Friday, July 31, 2015

A Voice for Climate Justice

Of the many high-visibility figures associated with the global climate movement, Mary Robinson may have the best claim to the moral high ground. Her admired service as President of the Irish Republic elevated her to that stage, but her decision to take on the job of UN High Commissioner for Human Rights made her humanitarian ambitions clearer still. Now she runs a foundation in her own name, dedicated to climate resilience and mitigation, and in that capacity she is worth listening to, as in this short interview.

What particular claims does she bring to the climate discussion as it moves toward Paris? Her position can be summed up in the phrase 'Climate Justice,' but she moves beyond the phrase to the realities at ground or sea level. When President Tong of the island nation of Kiribati announces planning for his people's "migration with dignity," Robinson adds her voice to his, declaring "no world leader should have to plan" for such a contingency. Whether on behalf of African farmers, mostly women, whose crops are threatened with irregular weather patterns, or peasants whose lands risk inundation for 'green' hydro-electric projects, Robinson's exposure to the world's poor enables her to articulate the dilemmas and impending catastrophes that threaten the least responsible, most vulnerable populations. What should we notice particularly in her remarks?

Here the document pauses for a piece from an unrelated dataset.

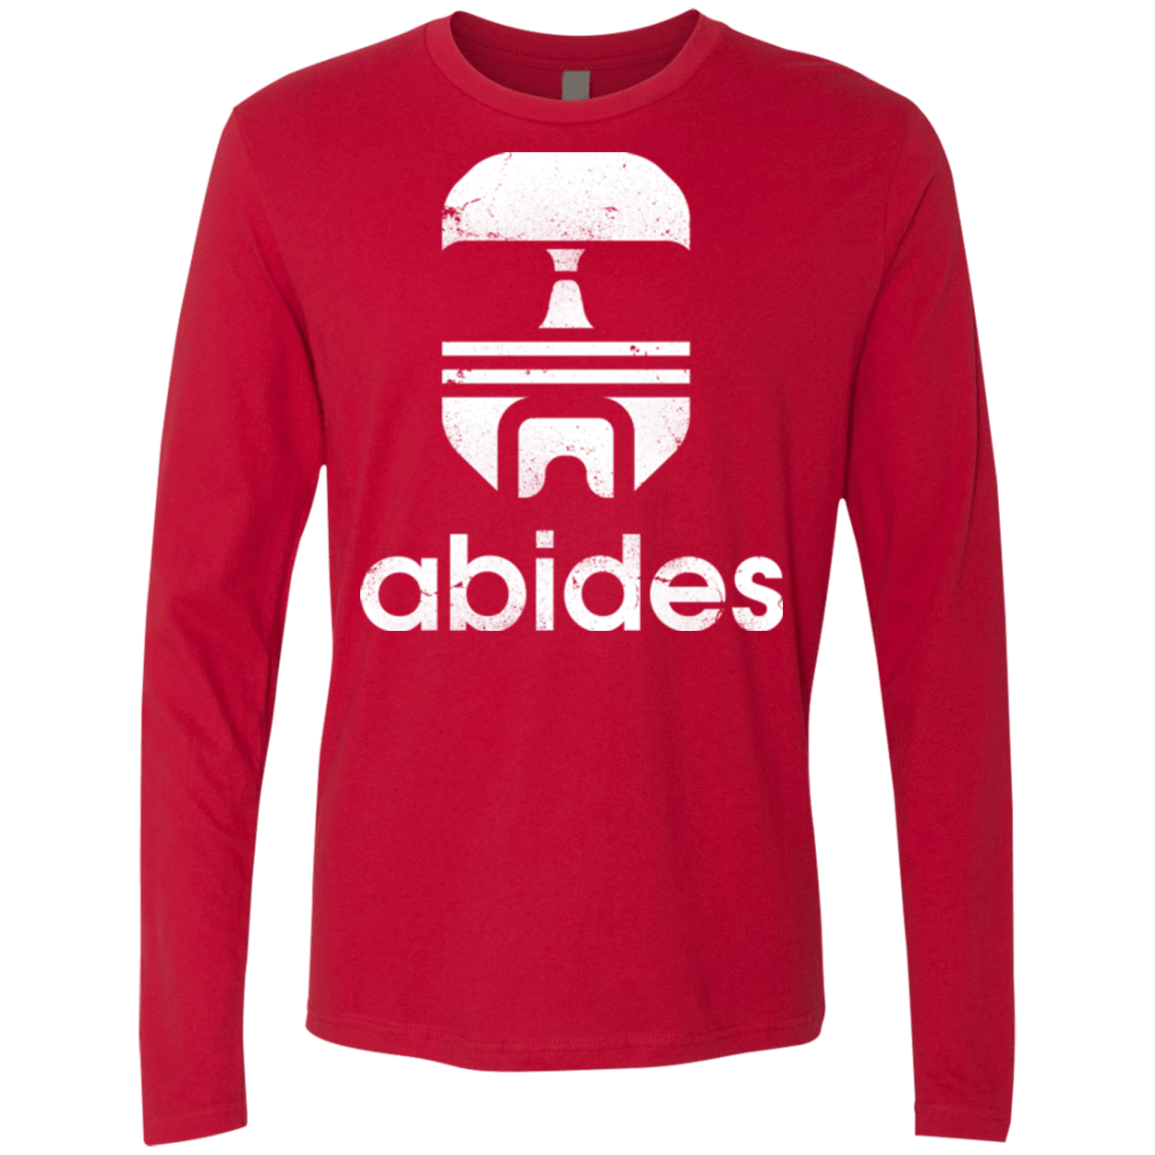 T-Shirts Red / Small Abides Men's Premium Long Sleeve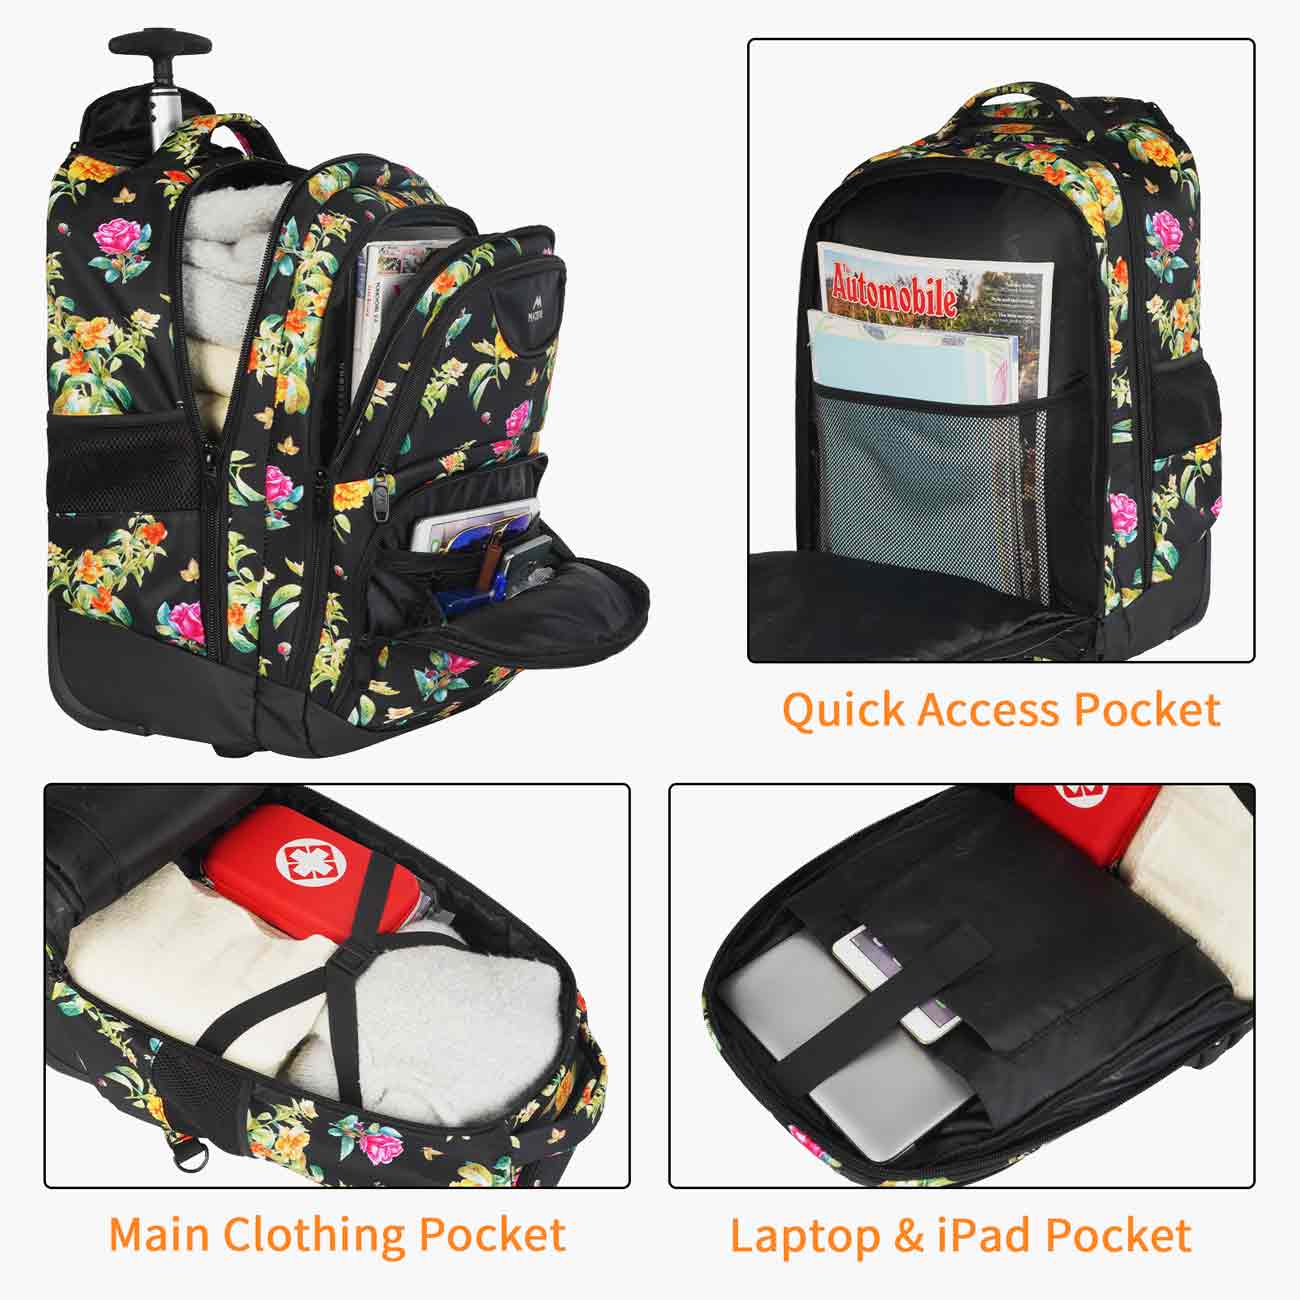 Matein Floral Wheeled Rolling Backpack-rolling laptop backpack

  • Green climate funding: while others are wondering how the Fund will ever reach the promised level of $100 billion by 2020, Robinson suggests that much more--as much as $300 billion annually--would be a more realistic number, both to build resilient infrastructure in threatened locales and to mitigate the inevitable dislocations and disasters from rising seas and changing weather. This funding gap--that's us, the global rich, she's talking about--now looms as perhaps the greatest challenge to global consensus at Paris.
  • Migrants and refugees: like others, Robinson sees in the growing migrant pressure of  displaced Africans on Europe the first signs of much greater displacements to come. While her first emphasis is resilience, that is, adaptations that will enable people to remain in their homelands, she also notes that "the world is grossly underprepared" for the migratory pressures that climate change will cause.
  • Women: Robinson is particularly aware that the burdens of adaptation and community will fall disproportionately on women, who are already the binding agents in many at-risk societies, and she is concerned to elevate a class of female leaders who will be able to weigh in on the adaptations and emergency measures to come.
It is easy to get lost in the complex discussions of alternative technologies and projected changes in greenhouse gas emissions, in the multiplicity of national INDC plans and changing data for understanding the often inscrutable operations of climate. In the face of such uncertainties Robinson's moral compass--like the pope's--is sure, and her leadership a welcome turning to the human realities that will define us as a species as the century wears on.